What academic and professional development do I need?

  • Canadian Coast Guard College Study Program leading to a Nautical Science Degree and Officer Certification.
  • 4-year College Program with practical training in marine engineering. The candidate will access higher ranks by accumulating sea time and passing Transport Canada exams.
  • Certification may also be obtained by accumulating Engine Room Rating sea time, ongoing training and successful completion of Transport Canada exams.

Where can I study?

  • The CCG College is located in Sydney, Nova Scotia, offers a 4-year paid study program in navigation in both official languages. Upon successful completion of the program, the student obtains a Nautical Science Degree and a Watch Mate Certificate (3rd Mate). Then, the Officer is deployed on one of the CCG vessels. Higher ranks are accessed through experience at sea and successful completion of Transport Canada exams.
  • The Institut Maritime du Québec offers a 4-year study program in navigation after which students enter the labour market as 3rd Mate Higher ranks are accessed through experience at sea and successful completion of Transport Canada exams.

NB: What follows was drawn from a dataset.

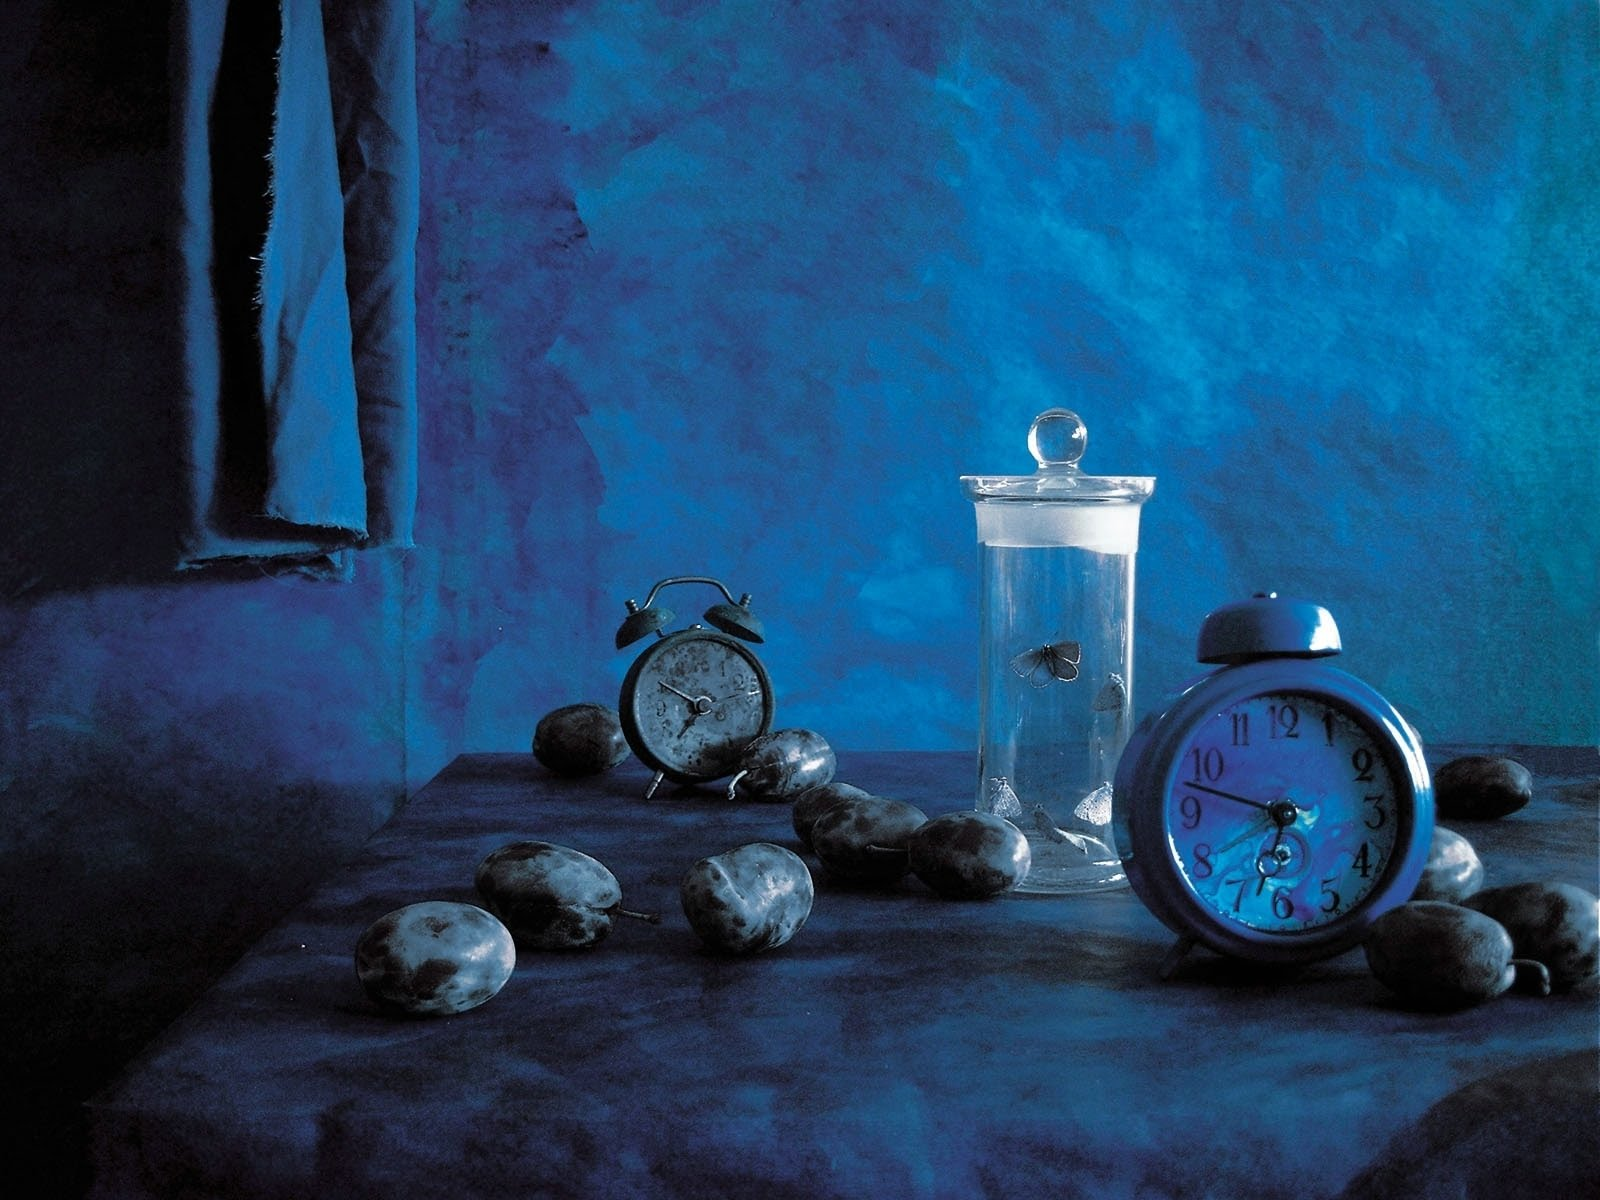 http://3.bp.blogspot.com/_0fvCOMn2z78/TGJq1Z1RwnI/AAAAAAAAEAE/3RO9-OdUBnw/s1600/Wallpaper.+Blue+Room.jpg

What are my career opportunities?

  • Navigation Officer (several ranks);
  • Captain / Commanding Officer;
  • Fleet Management;
  • Various positions within the Federal Public Service;
  • Various marine-related positions.

What qualities and interests are essential?

  • Strong interest for sciences and technological equipment;
  • Interest in working at sea;
  • Good concentration, communication and adaptation capabilities;
  • Good work organization and be able to set priorities;
  • Leadership and good jugement;
  • Team work capabilities;
  • To be able to work on irregular schedules and accept to go at sea for maximum periods of 42 days;
  • Taste for adventure and travel.

Average annual income: 52 000 $ à 74 000 $

Salary increases with ranks. Navigation Officers work a schedule called lay-day, or a period of 14 to 42 days at sea followed by equivalent time off with pay.